Helix Insight

Documentation / Data and Privacy / No External Calls

No External Calls

During variant processing, Helix Insight makes zero outbound network calls. No patient data, genomic coordinates, variant identifiers, or query parameters are sent to any external service at any point in the analysis pipeline. This is a fundamental architectural decision, not a configuration option.

What Runs Locally

Every component of the variant analysis pipeline operates on local data stored on the Helsinki server. No external API calls are made during processing:

Ensembl VEP

Variant Effect Predictor runs locally with a local offline cache (Release 113, GRCh38). No calls to the Ensembl REST API. Consequence annotation, transcript selection, and impact classification all run on local data.

gnomAD

Population frequency database (v4.1.0, 759 million variants) is stored locally. Allele frequencies, homozygote counts, and population-specific data are queried from local storage.

ClinVar

Clinical significance database (2025-01, 4.1 million variants) is stored locally. Clinical significance, review status, and star ratings are queried without any connection to NCBI.

dbNSFP

Functional prediction scores (4.9c, 80.6 million sites) -- SIFT, AlphaMissense, MetaSVM, DANN, BayesDel, PhyloP, GERP -- all stored and queried locally.

HPO Ontology

Human Phenotype Ontology with 17,000+ terms and 320,000+ gene-phenotype associations. Phenotype matching and semantic similarity computed locally using the pyhpo library.

ClinGen

Dosage sensitivity data (1,600+ genes) for haploinsufficiency and triplosensitivity stored locally.

SpliceAI Precomputed

Splice impact delta scores for MANE transcripts stored locally. No calls to the Illumina API or SpliceAI web interface.

Literature Database

Local PubMed mirror with 2-3 million genetics-relevant publications. Literature search, relevance scoring, and evidence assessment all run against local data. No calls to NCBI PubMed.

Network Architecture

The variant processing pipeline has no outbound network access by design. Network architecture enforces this at the infrastructure level:

Inbound only

The platform accepts VCF uploads and API requests from authenticated users over TLS 1.3. These are the only inbound connections.

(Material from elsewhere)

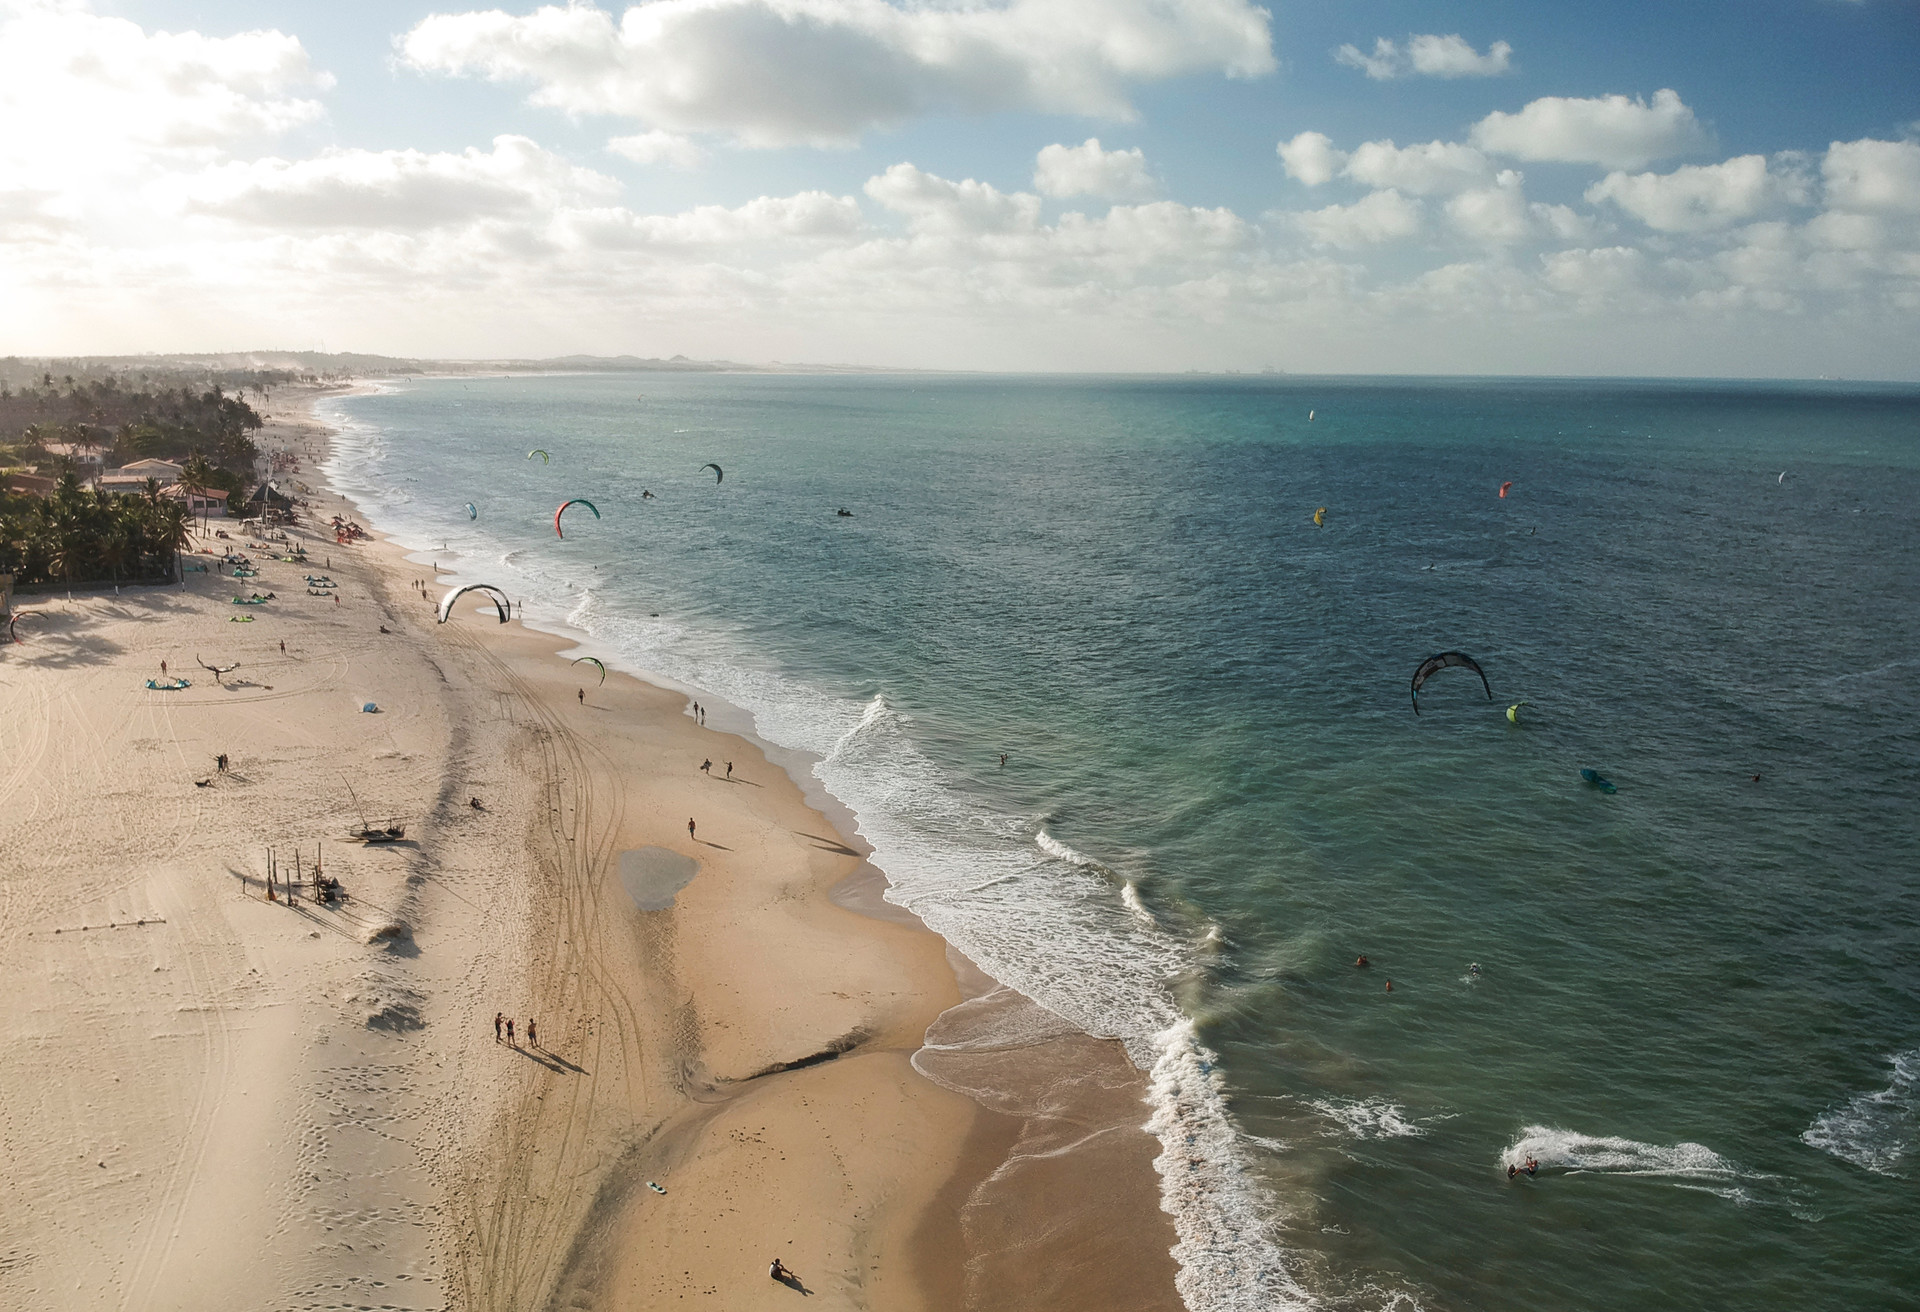 Het Cumboco strand is een populaire spot voor kiters in Brazilië

No outbound from processing

The variant analysis, phenotype matching, screening, and literature search services have no outbound network routes. They cannot make HTTP requests, DNS queries, or any other network calls to external services.

Separate update channel

Reference database updates (ClinVar quarterly, PubMed daily) are fetched by a separate background process that does not have access to patient data. The update process downloads public data; it never sends any data outbound.

Why This Matters

No data leakage risk

If the processing pipeline cannot make network calls, it cannot leak data -- even in the event of a software vulnerability or misconfiguration.

No third-party dependency

Processing does not depend on external API availability. The platform operates at full capacity even if every external service is offline.

No third-party data access

No external organization receives genomic data, variant identifiers, or query parameters. There is no risk of external services logging, caching, or retaining patient-related data.

Verifiable by design

The network isolation is enforced at the infrastructure level (firewall rules, Docker network configuration), not at the application level. It can be independently verified through network audit.

AI Clinical Assistant

The AI Clinical Assistant is the one component that may use an external language model API. When this occurs, only anonymized variant data is transmitted -- genomic coordinates and classification results, never patient identifiers, sample IDs, or phenotype data. The AI assistant is an optional feature; all core analysis (classification, phenotype matching, screening, literature search) runs entirely locally without any external calls.